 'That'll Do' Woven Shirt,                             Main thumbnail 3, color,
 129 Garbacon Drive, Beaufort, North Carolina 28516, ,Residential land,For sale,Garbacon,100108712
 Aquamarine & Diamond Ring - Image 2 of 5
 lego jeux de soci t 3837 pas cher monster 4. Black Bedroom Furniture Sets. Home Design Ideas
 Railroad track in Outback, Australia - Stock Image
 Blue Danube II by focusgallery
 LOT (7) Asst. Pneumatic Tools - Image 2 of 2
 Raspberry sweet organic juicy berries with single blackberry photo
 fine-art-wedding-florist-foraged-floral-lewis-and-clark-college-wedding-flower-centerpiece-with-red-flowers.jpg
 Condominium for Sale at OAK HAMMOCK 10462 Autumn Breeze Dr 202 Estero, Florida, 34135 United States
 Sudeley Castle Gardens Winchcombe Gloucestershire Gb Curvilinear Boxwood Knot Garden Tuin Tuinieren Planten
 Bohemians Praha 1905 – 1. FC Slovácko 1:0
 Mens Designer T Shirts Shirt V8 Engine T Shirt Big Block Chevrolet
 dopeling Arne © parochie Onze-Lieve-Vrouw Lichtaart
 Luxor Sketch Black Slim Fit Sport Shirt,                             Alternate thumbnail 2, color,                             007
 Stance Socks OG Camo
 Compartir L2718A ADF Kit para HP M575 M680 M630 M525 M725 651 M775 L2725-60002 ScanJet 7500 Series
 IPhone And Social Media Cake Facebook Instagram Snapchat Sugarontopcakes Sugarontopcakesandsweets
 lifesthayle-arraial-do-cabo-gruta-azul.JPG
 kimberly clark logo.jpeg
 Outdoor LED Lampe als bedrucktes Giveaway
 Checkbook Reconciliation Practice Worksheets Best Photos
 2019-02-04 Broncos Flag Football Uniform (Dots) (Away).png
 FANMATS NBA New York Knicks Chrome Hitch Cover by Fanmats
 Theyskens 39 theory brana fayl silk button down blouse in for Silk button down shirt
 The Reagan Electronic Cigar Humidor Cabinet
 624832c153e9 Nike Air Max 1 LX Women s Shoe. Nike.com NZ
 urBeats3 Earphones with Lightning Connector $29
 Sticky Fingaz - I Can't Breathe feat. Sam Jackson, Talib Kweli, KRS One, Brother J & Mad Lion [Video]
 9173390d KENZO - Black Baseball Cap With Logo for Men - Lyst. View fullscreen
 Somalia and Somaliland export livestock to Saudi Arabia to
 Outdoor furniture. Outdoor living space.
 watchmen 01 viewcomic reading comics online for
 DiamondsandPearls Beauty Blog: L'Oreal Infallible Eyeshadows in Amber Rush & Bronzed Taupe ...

_ _ _

→ **ACTIVITY**:
Where a line of the material above holds the string "color", copy that line.

→ **RESPONSE AREA**:
 'That'll Do' Woven Shirt,                             Main thumbnail 3, color,
 Luxor Sketch Black Slim Fit Sport Shirt,                             Alternate thumbnail 2, color,                             007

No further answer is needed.